Australia today announced it will join the Climate and Clean Air Coalition - an alliance of over two dozen nations, intergovernmental organisations and the private sector - committed to rapid action to reduce short-lived but highly potent pollution caused by methane, black carbon (soot), tropospheric ozone (smog) and hydrofluorocarbons.
Climate Change Minister Greg Combet said the goal is to support action that will reduce these pollutants.
“Apart from trapping heat in the atmosphere, these pollutants can also be extremely damaging to human health, air quality, crop yields and ecosystems,” he said.
US Secretary of State Hillary Clinton welcomed Australia’s announcement: “We welcome Australia as the Climate and Clean Air Coalition’s newest partner in the fight against short-lived climate pollutants," she said.
"Our Coalition has seen tremendous progress since its launch earlier this year, and I have no doubt our collective efforts against these pollutants will be greatly strengthened in the Asia-Pacific and around the world with Australian leadership and expertise. We look forward to continued progress through the Coalition to improve our climate, health, and environment.”

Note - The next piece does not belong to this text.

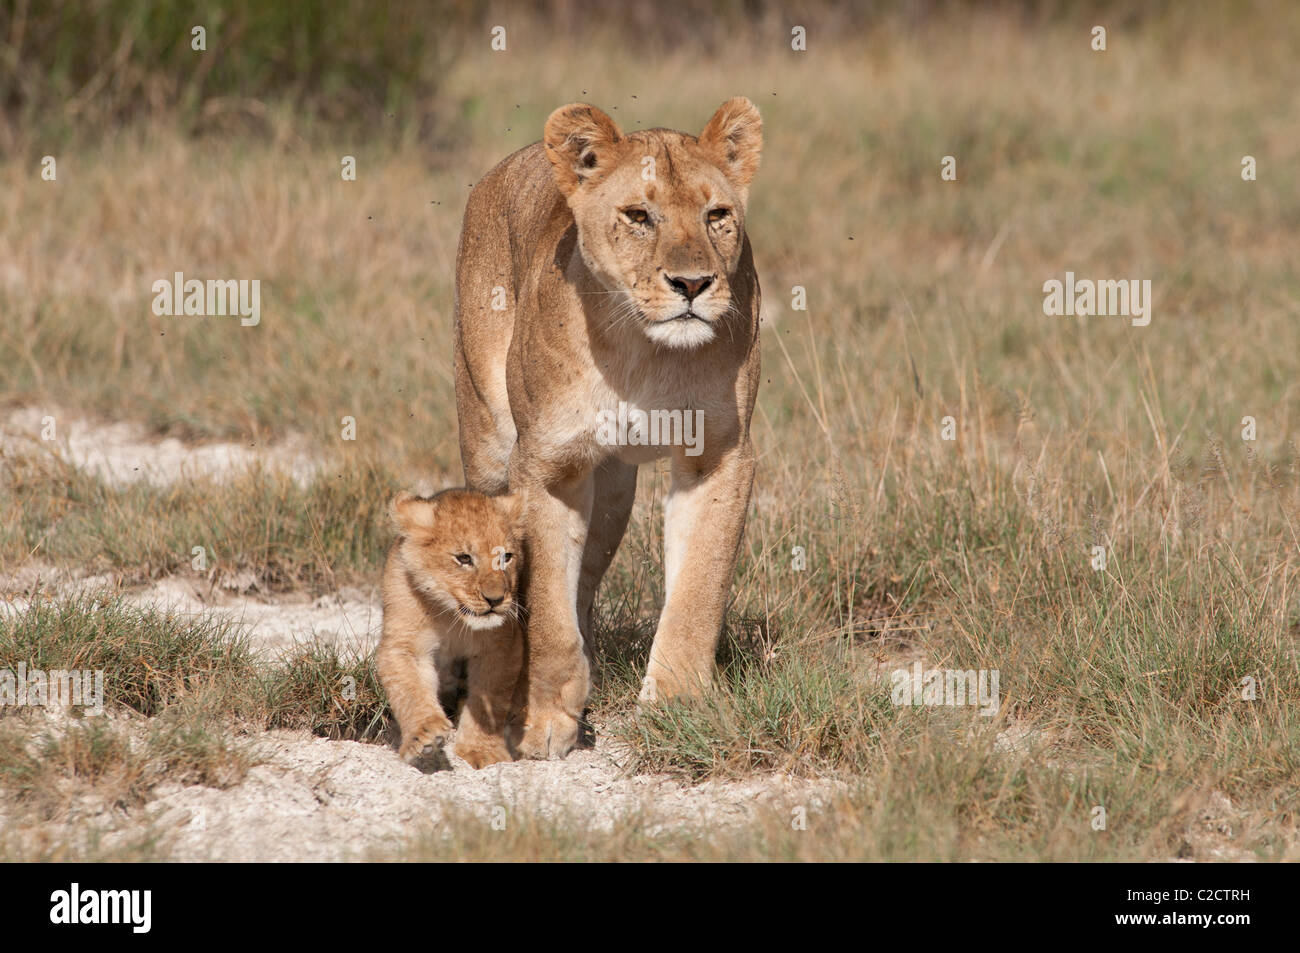 Fotografía de Stock de un cachorro de león caminando delante de su madre. Foto de stock

Parliamentary secretary for Climate Change, Mark Dreyfus, is in New York attending the Major Economies Forum.
He said the science suggests that acting quickly to reduce short-lived climate pollutants, which are more potent than carbon dioxide, has the potential to slow down warming by 2050.
"It would also increase the chance of staying within a global temperature rise of below 2 degrees Celsius," he said.
The Climate and Clean Air Coalition is chaired by the United States and Nigeria and includes Germany, Japan, the UK, France, Italy, Bangladesh, Colombia, Ghana, Mexico, Canada, Norway, Denmark, Finland, Sweden, Israel, Jordan, the European Commission, the UN Environment Programme, and the World Bank.
Working in partnership with inter-governmental organisations and civil society, this work complements action by individual countries to reduce carbon pollution, and collective global efforts under the United Nations Framework Convention on Climate Change.
The Coalition will focus on:
fast action on diesel emissions including from heavy duty vehicles and engines;
upgrading brick kilns which are a significant source of black carbon emissions;
accelerating the reduction of methane emissions from landfills;
speeding up cuts in methane and other emissions from the oil and gas industry; and
accelerating the take up of alternatives to hydrofluorocarbons.